Support Questions

Find answers, ask questions, and share your expertise

No progress in nifi flow

avatar
Explorer

My nifi flow is not progressing nor showing any error:

Flow is for :fetch a test.json fiel from s3 and populate its content in a table in postgresql db.

lists3object-> fetchs3object->JoltTrasformationJSON -> ........ ->PutSQL.

The lists3object alone lists key as my test.json in "view status"


I'm not able to paste screenshots here.

Though all processors got started, none of them are doing any transactions (in & out ) both are 0 bytes and i dont see any errors also.


Last message logged in nifi-app.log is:

2019-06-14 07:26:48,864 INFO [NiFi Web Server-92] o.a.n.controller.StandardProcessorNode Stopping processor: class org.apache.nifi.processors.aws.s3.ListS3

2019-06-14 07:26:48,864 INFO [Timer-Driven Process Thread-4] o.a.n.c.s.TimerDrivenSchedulingAgent Stopped scheduling ListS3[id=016b1032-cd19-10b1-6d77-5a63389cd903] to run

2019-06-14 07:26:49,166 INFO [Flow Service Tasks Thread-1] o.a.nifi.controller.StandardFlowService Saved flow controller org.apache.nifi.controller.FlowController@5aaa6545 // Another save pending = false

2019-06-14 07:26:51,166 INFO [NiFi Web Server-20] o.a.n.c.s.StandardProcessScheduler Stopping FetchS3Object[id=016b102b-cd19-10b1-385a-bb202d1cebc4]

2019-06-14 07:26:51,166 INFO [NiFi Web Server-20] o.a.n.controller.StandardProcessorNode Stopping processor: class org.apache.nifi.processors.aws.s3.FetchS3Object

2019-06-14 07:26:51,179 INFO [Timer-Driven Process Thread-4] o.a.n.c.s.TimerDrivenSchedulingAgent Stopped scheduling FetchS3Object[id=016b102b-cd19-10b1-385a-bb202d1cebc4] to run

2019-06-14 07:26:51,185 INFO [Flow Service Tasks Thread-1] o.a.nifi.controller.StandardFlowService Saved flow controller org.apache.nifi.controller.FlowController@5aaa6545 // Another save pending = false

2019-06-14 07:26:56,833 INFO [NiFi Web Server-92] o.a.n.c.s.StandardProcessScheduler Starting ListS3[id=016b1032-cd19-10b1-6d77-5a63389cd903]

2019-06-14 07:26:56,836 INFO [Timer-Driven Process Thread-8] o.a.n.c.s.TimerDrivenSchedulingAgent Scheduled ListS3[id=016b1032-cd19-10b1-6d77-5a63389cd903] to run with 1 threads

2019-06-14 07:26:57,202 INFO [Flow Service Tasks Thread-1] o.a.nifi.controller.StandardFlowService Saved flow controller org.apache.nifi.controller.FlowController@5aaa6545 // Another save pending = false


The flow was working partially earlier with some error message at Splitjson processor. But now i'm not able to proceed as i don understand where it is stuck. I tried restarting nifi, but no luck.

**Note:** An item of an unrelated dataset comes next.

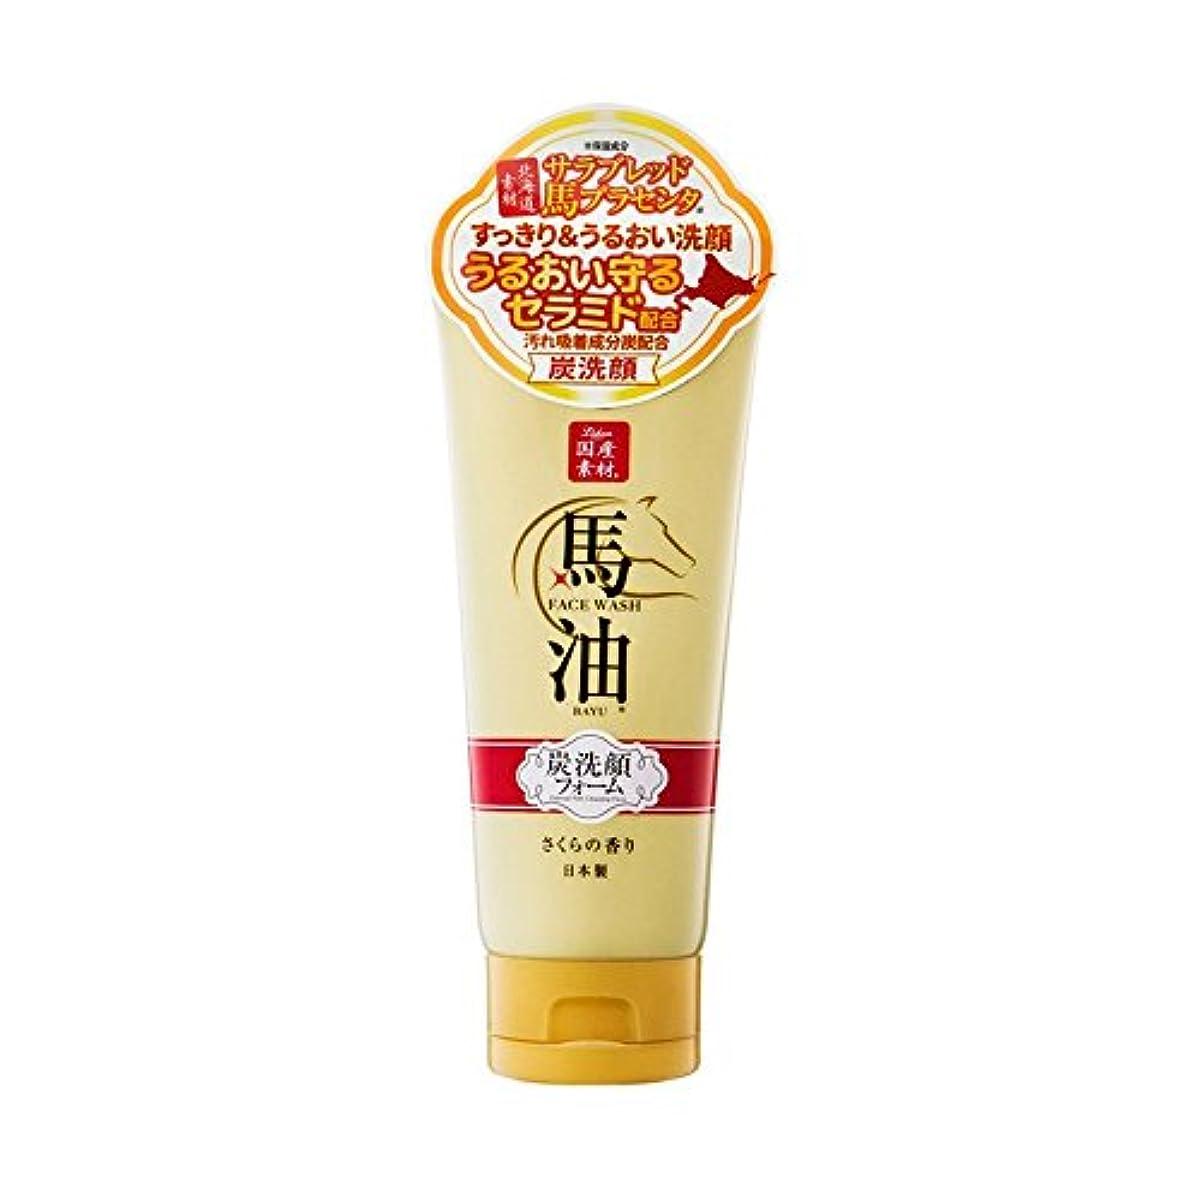 ステッチ自体リーチリシャン 馬油&炭洗顔フォーム(さくらの香り)(内容量130g)

Can you please suggest where could be the issue.

1 ACCEPTED SOLUTION

avatar
Master Guru

@Jayashree S

ListS3 processor is stateful processor once the processor runs it will store the state in the processor and then runs incrementally,if we don't have any new files added to S3 directory then processor won't list any files.

How to Clear state:

Stop the ListS3 processor and Right click on ListS3processor and select state and clear the state that is saved in the processor.

Then start ListS3 processor, now processor will list all the files in S3 directory.

View solution in original post

3 REPLIES 3

avatar
Master Guru

@Jayashree S

ListS3 processor is stateful processor once the processor runs it will store the state in the processor and then runs incrementally,if we don't have any new files added to S3 directory then processor won't list any files.

How to Clear state:

Stop the ListS3 processor and Right click on ListS3processor and select state and clear the state that is saved in the processor.

Then start ListS3 processor, now processor will list all the files in S3 directory.

avatar
Master Guru

@Jayashree S

Use RouteOnArttribute processor after ListS3Object processor and filter only the required file and pass that to FetchS3Object.

Flow:

Lists3
RouteOnAttribute
FetchS3

(or)

If you want to pull the same file from s3 all the time, then you can use flow as:

GenerateFlowFile //schedule this processor as per your requirements
FetchS3Object //configure full s3 file path


avatar
Explorer

Hi flow seems to progress now after clearing the state.

I actually want to pull a specific file json file from S3 and push its content to a DB.

ListS3Object and FetchS3Object are fetching all file of the latest time stamp and later that.

Though in fetchS3object i specify particular "Object Key" with my specific file name, all the files get fetched in the queue.

Can you please suggest me a way to pull a specific json file.